* **TASK TO COMPLETE**
Find the string "Leather" in the data, and copy out each line that has it.

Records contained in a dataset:
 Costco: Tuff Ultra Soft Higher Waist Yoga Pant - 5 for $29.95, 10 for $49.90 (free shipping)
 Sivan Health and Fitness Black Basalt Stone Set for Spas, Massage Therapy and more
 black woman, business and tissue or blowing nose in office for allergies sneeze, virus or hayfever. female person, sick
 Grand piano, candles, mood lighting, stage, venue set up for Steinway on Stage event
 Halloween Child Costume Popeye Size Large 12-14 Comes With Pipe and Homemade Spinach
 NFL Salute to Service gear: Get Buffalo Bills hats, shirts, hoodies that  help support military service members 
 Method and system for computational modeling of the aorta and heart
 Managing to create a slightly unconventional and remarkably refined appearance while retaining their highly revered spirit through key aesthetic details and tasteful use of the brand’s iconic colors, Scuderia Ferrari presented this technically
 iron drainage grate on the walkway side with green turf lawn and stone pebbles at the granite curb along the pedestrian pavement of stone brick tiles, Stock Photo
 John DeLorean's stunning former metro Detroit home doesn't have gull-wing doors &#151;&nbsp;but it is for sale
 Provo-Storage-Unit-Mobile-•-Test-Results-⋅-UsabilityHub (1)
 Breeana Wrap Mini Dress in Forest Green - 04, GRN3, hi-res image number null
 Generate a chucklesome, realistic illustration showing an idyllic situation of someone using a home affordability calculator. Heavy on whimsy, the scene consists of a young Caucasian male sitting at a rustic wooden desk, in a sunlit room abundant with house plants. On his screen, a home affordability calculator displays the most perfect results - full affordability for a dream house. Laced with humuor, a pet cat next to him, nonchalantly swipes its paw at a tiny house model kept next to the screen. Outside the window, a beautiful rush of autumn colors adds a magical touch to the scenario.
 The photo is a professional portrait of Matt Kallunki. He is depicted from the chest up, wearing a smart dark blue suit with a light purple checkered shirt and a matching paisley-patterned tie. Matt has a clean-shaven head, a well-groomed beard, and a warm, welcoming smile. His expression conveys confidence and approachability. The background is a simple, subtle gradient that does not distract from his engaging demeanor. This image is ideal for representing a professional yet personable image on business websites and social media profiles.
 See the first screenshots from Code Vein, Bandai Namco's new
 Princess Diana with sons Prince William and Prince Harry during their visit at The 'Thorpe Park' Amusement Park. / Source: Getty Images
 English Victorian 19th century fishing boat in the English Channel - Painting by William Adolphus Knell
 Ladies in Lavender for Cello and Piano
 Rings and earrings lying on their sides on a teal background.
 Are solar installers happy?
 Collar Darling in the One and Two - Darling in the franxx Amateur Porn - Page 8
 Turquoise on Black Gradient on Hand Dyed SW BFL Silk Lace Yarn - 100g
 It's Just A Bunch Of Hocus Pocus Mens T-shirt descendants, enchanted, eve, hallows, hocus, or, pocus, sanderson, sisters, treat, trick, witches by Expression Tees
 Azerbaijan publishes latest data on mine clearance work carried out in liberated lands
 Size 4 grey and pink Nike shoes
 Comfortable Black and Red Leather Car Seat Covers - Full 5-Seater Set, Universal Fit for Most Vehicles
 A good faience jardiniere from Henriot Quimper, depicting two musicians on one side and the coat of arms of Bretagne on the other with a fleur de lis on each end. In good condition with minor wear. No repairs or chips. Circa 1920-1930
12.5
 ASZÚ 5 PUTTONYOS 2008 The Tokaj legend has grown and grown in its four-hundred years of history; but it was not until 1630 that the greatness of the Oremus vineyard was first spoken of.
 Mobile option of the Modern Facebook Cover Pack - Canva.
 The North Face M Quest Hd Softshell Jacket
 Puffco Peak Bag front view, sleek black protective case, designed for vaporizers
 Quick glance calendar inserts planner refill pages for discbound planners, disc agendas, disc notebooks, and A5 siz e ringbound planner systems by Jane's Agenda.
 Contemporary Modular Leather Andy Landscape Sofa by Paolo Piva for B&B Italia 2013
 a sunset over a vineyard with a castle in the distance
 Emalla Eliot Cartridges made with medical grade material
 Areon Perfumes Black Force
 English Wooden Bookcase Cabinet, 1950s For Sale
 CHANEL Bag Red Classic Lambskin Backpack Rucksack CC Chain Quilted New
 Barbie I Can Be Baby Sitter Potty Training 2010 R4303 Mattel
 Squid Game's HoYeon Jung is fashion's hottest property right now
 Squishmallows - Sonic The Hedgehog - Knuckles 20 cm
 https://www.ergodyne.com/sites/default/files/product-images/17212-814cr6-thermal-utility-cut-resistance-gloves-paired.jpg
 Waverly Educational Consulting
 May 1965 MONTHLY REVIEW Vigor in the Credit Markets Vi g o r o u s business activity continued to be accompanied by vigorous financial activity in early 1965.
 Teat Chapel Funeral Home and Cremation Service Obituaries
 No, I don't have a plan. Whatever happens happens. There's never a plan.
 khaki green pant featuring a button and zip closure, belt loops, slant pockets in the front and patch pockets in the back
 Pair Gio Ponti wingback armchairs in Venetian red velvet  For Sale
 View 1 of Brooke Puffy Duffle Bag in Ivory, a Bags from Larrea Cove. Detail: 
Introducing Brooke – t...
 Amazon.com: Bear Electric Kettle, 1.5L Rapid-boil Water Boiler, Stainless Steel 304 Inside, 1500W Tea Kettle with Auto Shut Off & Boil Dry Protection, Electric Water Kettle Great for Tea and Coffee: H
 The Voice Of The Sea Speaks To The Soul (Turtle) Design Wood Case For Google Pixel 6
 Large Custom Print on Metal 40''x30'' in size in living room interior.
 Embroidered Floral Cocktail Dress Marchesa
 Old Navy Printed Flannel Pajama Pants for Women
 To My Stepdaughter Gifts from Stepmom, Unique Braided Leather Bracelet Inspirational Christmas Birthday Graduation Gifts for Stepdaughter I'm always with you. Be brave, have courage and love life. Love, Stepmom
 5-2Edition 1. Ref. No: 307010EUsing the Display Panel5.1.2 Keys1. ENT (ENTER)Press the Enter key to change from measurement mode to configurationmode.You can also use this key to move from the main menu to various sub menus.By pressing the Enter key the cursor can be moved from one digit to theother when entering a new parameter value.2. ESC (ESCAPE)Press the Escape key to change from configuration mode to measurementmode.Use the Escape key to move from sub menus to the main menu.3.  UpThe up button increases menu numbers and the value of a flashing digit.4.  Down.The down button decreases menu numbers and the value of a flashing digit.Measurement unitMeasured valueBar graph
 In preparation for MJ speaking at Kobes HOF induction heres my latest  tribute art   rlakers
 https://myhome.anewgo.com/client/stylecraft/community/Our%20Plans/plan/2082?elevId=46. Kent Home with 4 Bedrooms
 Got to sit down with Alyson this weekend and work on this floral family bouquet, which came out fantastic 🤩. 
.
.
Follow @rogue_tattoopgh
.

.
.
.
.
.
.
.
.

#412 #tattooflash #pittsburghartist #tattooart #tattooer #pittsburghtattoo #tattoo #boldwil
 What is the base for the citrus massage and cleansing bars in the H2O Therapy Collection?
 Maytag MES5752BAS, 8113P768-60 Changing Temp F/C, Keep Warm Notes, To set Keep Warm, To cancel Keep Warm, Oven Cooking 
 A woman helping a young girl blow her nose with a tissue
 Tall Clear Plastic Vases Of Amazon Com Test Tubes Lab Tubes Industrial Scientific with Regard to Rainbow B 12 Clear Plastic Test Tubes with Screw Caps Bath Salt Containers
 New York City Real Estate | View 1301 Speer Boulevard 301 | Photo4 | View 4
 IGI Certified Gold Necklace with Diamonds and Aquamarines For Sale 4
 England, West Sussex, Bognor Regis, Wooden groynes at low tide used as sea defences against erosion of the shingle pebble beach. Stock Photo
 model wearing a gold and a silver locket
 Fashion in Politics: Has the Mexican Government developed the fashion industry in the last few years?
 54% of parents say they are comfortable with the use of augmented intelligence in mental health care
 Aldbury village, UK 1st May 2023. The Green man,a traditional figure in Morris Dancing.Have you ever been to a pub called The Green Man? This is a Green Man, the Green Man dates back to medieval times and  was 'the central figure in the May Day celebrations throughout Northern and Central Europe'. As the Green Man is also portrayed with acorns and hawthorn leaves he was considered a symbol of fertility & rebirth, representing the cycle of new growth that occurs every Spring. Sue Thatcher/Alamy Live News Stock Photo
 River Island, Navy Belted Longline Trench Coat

* **TASK ANSWER**
 Comfortable Black and Red Leather Car Seat Covers - Full 5-Seater Set, Universal Fit for Most Vehicles
 Contemporary Modular Leather Andy Landscape Sofa by Paolo Piva for B&B Italia 2013
 To My Stepdaughter Gifts from Stepmom, Unique Braided Leather Bracelet Inspirational Christmas Birthday Graduation Gifts for Stepdaughter I'm always with you. Be brave, have courage and love life. Love, Stepmom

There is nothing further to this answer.